Crise en Grèce : Une militante de Syriza prend à partie BFMTV en direct

Disons-le franchement, la situation se complique, et c’est la catastrophe annoncée. Nous avons déjà Tsipras qui aurait capitulé face à l’UE, mais n’oublions pas ob_851019_15-06-21-fmi-grecel’analyse de Pierre-Yves Rougeyron qui expliquait que Tsipras est conscient de ce qu’il fait, mais qu’il ne veut pas être tenu responsable de l’effondrement de l’euro. Donc, capitulé… c’est une manière de voir les choses. L’euro est sur la selette, et un effondrement est possible, c’est un gros risque à ne surtout pas négliger.

Autre information avec nombre de militants anti-austérité qui ont défilé à Athènes suite à la « capitulation »: « Entre 7 et 8000 personnes (selon la police) ont manifesté ce vendredi dans le centre d’Athènes pour demander que le Premier ministre grec Alexis Tsipras respecte leur vote « non » au référendum en plein débat au Parlement sur les propositions soumises aux créanciers ».

Info importante également: « Le conseiller financier grec Alcimos entame une procédure de justice contre la BCE à la Cour de Justice de l’UE (source zerohedge.com via  Okeanews)

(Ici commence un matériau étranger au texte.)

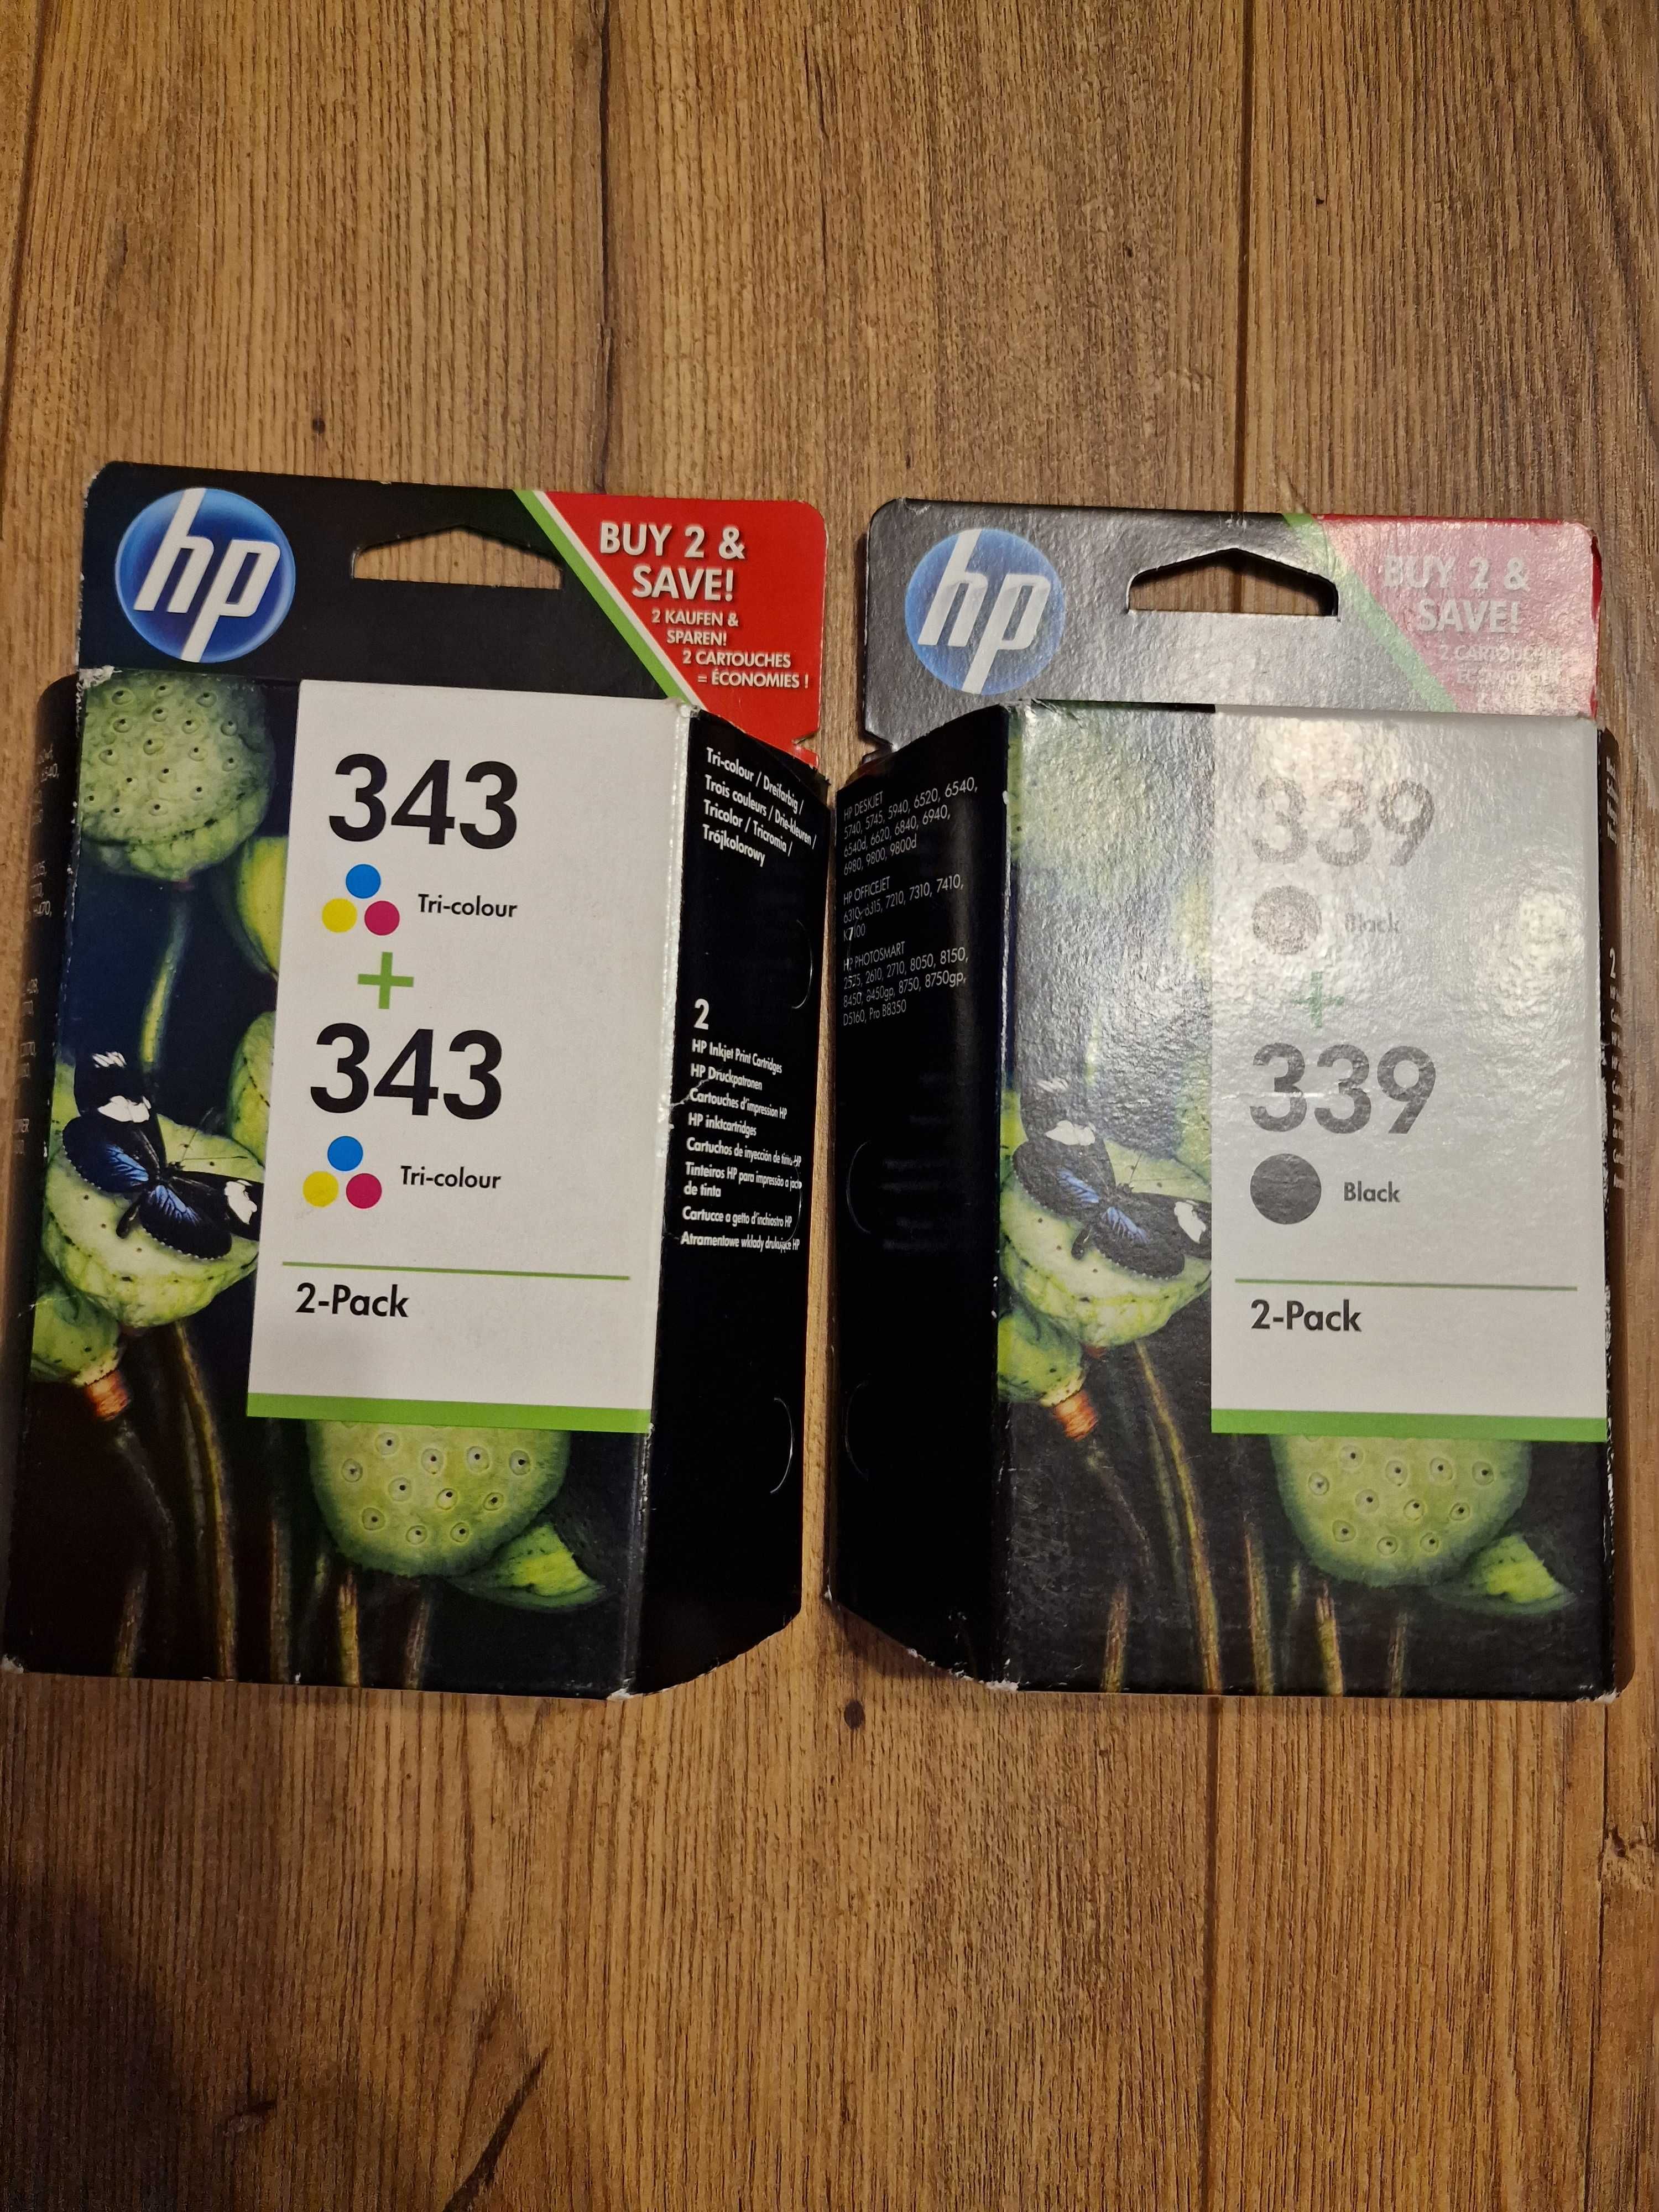 TUSZE HP 339 2pack HP 343
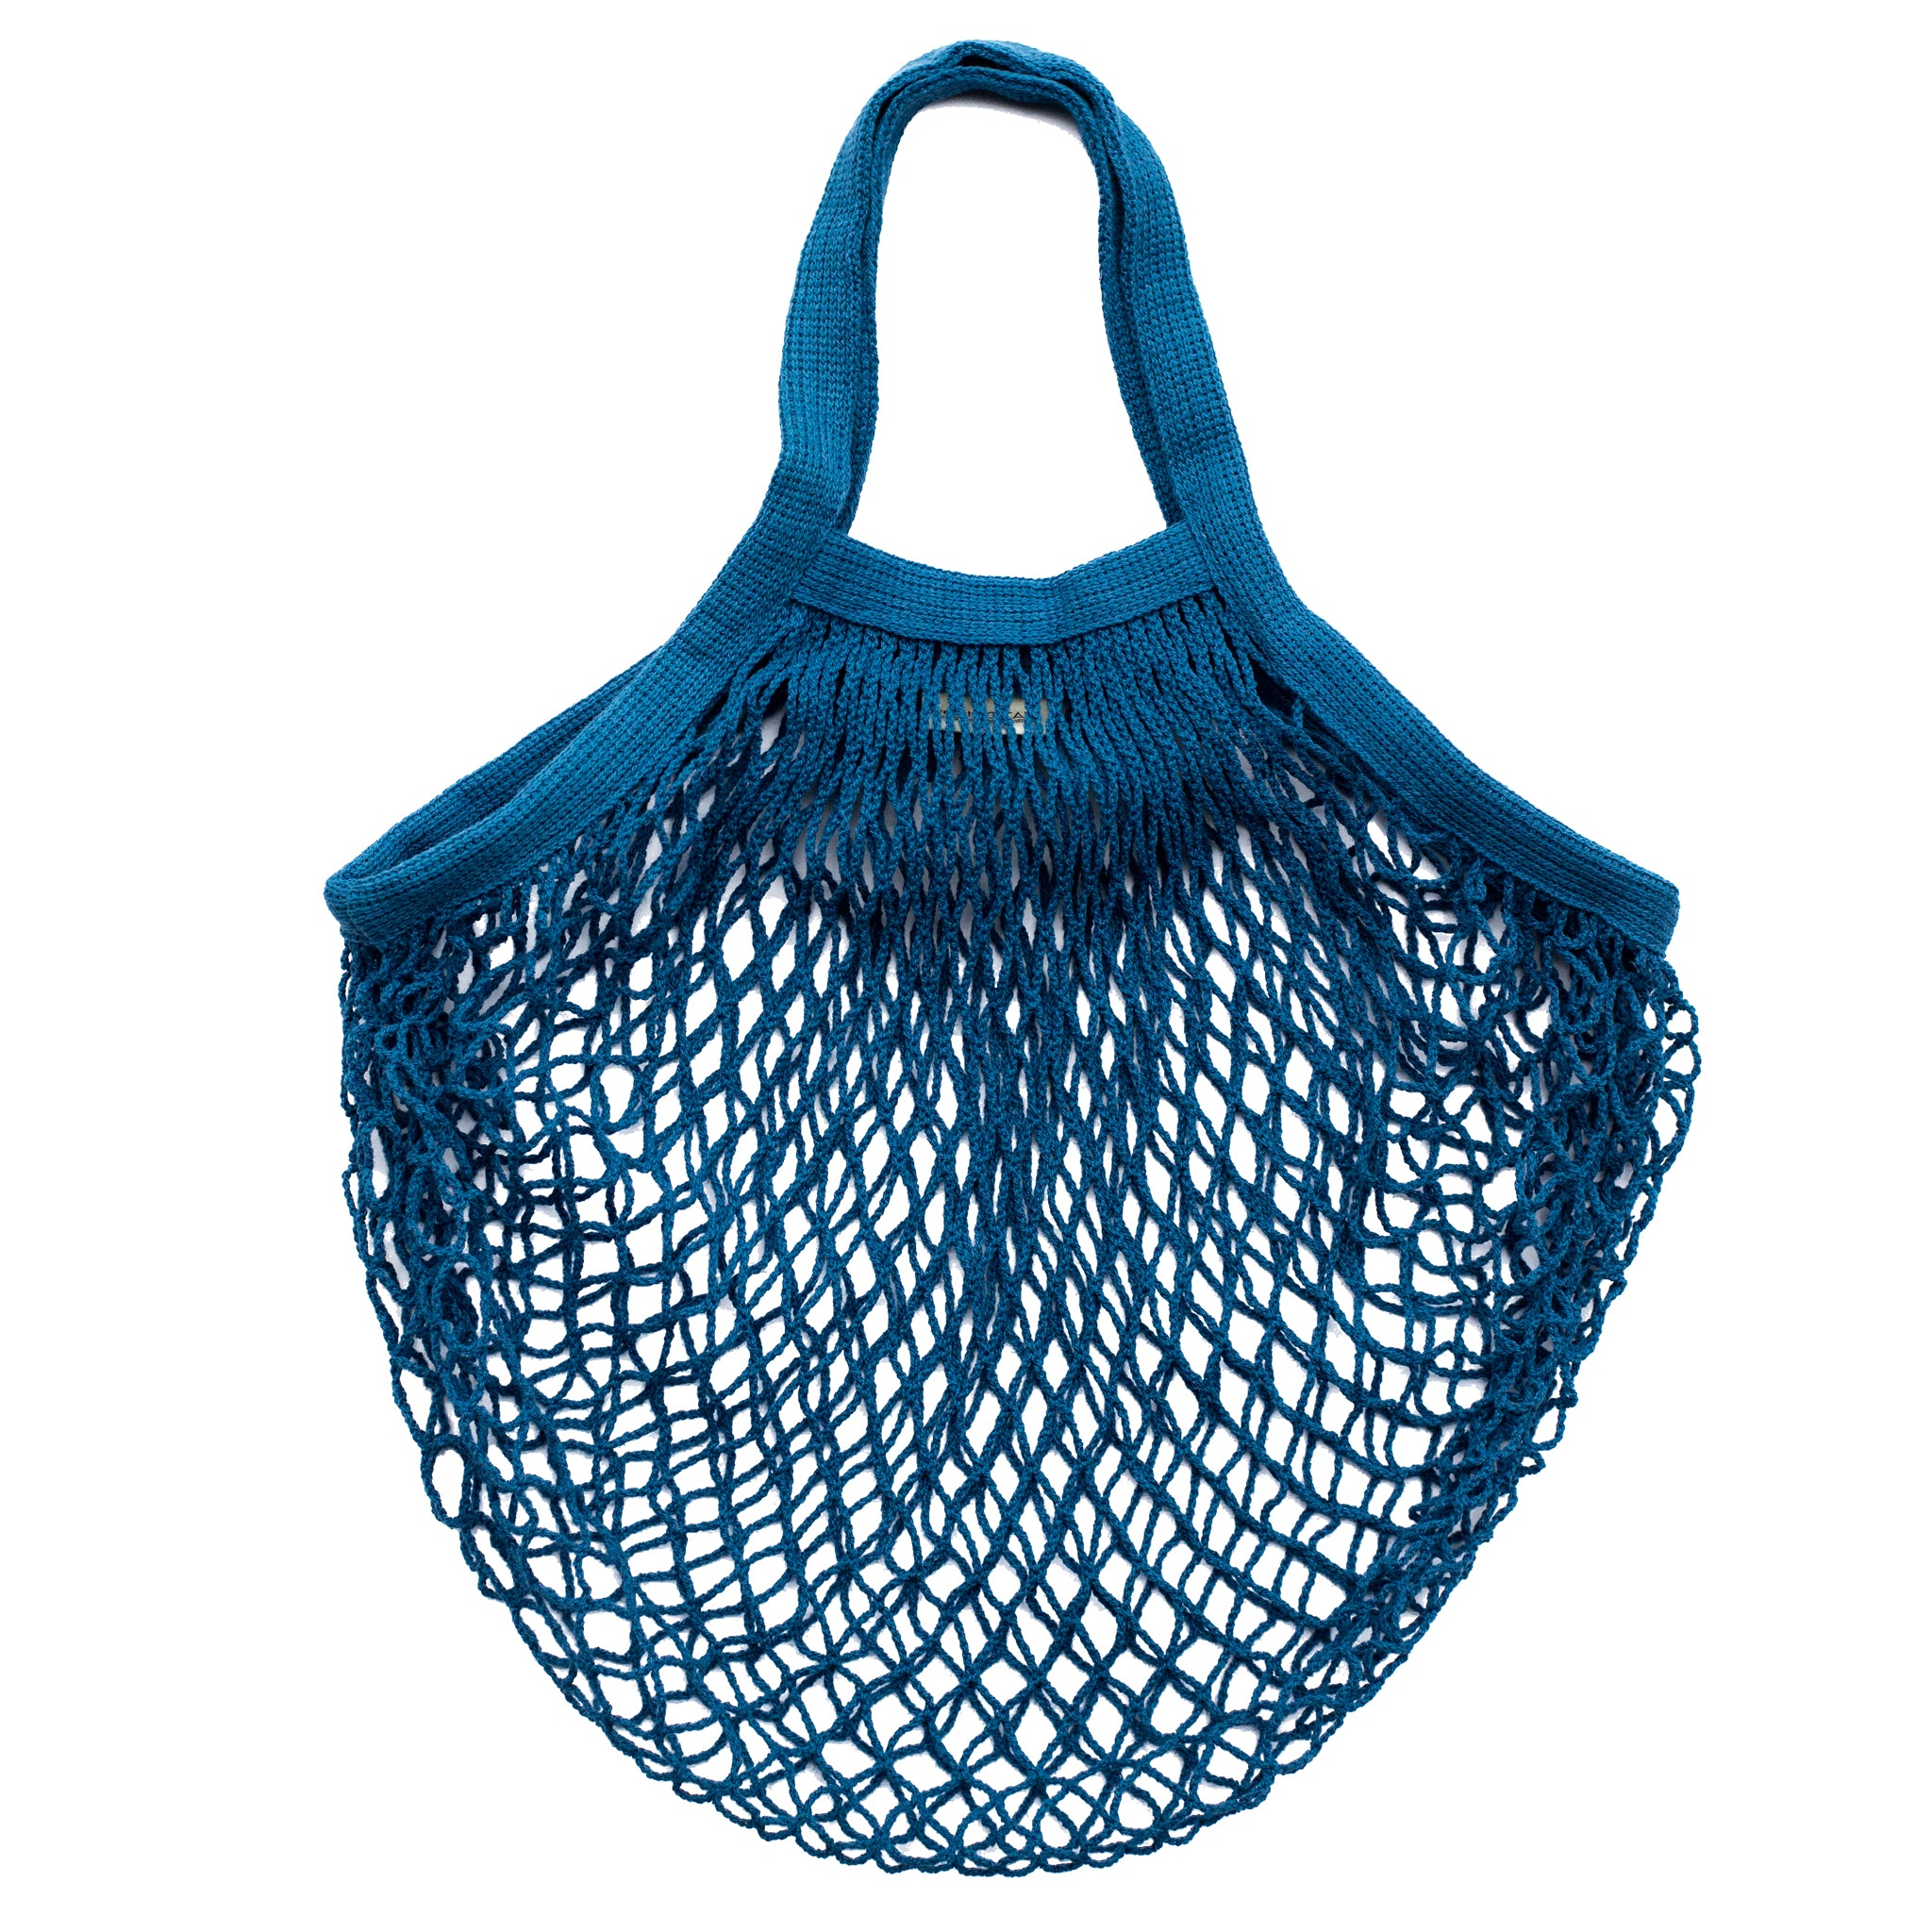 Plastic-Free String Bag - 2 Colors | Free The Ocean Gray Blue

Et enfin, à lire sur le grand soir: « Un insider raconte : comment l’Europe a étranglé la Grèce« : « Quelques jours avant le référendum, un conseiller important du gouvernement grec, au cœur des négociations avec Bruxelles, a reçu Mediapart. Il raconte les cinq mois du gouvernement de Syriza, les discussions avec les Européens, la situation catastrophique de la Grèce. Il détaille surtout la stratégie d’étouffement mise en place méthodiquement par l’Eurogroupe et l’asphyxie financière qui a détruit l’économie grecque. Voici le texte de cet entretien au long cours« .

Ce matin, Anastasia Politi, militante du parti Syriza a accusé la chaîne de faire de « la propagande ».

Les esprits s’échauffent quelques heures après les propositions d’Alexis Tsipras, faites cette nuit pour tenter de sauver la Grèce de la faillite avec un nouveau programmes de réformes. Ce matin sur BFMTV, Nicolas Doze donnait son analyse de la situation. En duplex, Anastasia Politi, militante du parti Syriza. Elle a immédiatement accusé la chaîne de faire de « la propagande« .

« C’est inadmissible, ce sont des mensonges, les médias sont vendus à des intérêts financiers, je crains bien que cela soit le cas avec BFMTV« , a-t-elle lancé en direct. Visé, l’éditorialiste économique présent en plateau qui jugeait quelques minutes plus tôt que le premier ministre grec « avait totalement capitulé« . « Il vient d’obtenir un chèque en blanc de l’Europe ! On va continuer, nous, les financiers de la Grèce, à la financer, pour nous auto-rembourser. On leur donne du pognon pour qu’ils nous remboursent l’ancien (…) Le dossier est complètement piteux et il va rester piteux !« , a-t-il lancé.

« Je n’ai plus envie de vous parler »

« Je vois depuis des mois le dénigrement du gouvernement grec, du peuple grec opéré par tous les médias dont le vôtre, BFMTV. Votre éthique reste la même, je n’ai plus envie de vous parler« , a lancé la militante de Syriza, visiblement très agacée par l’analyse du chroniqueur économique de la matinale.

Christophe Delay lui a alors demandé d’argumenter mais elle a indiqué vouloir réserver ses déclarations après la décision du parlement grec, qui va s’exprimer sur les nouvelles mesures proposées par Alexis Tsipras. « Reparlons ce soir, j’ai entièrement confiance en Alexis Tsipras, je vous donne rendez-vous ce soir !« , a-t-elle conclu. En plateau, Pascale de la Tour du Pin a nié « dénigrer » la Grèce et son peuple. « Pas du tout, on se pose des questions sur la stratégie, on a du mal à comprendre, il n’y a aucun dénigrement de la part de BFMTV« , a-t-elle précisé en plateau avant de passer la parole à Laurent Neumann.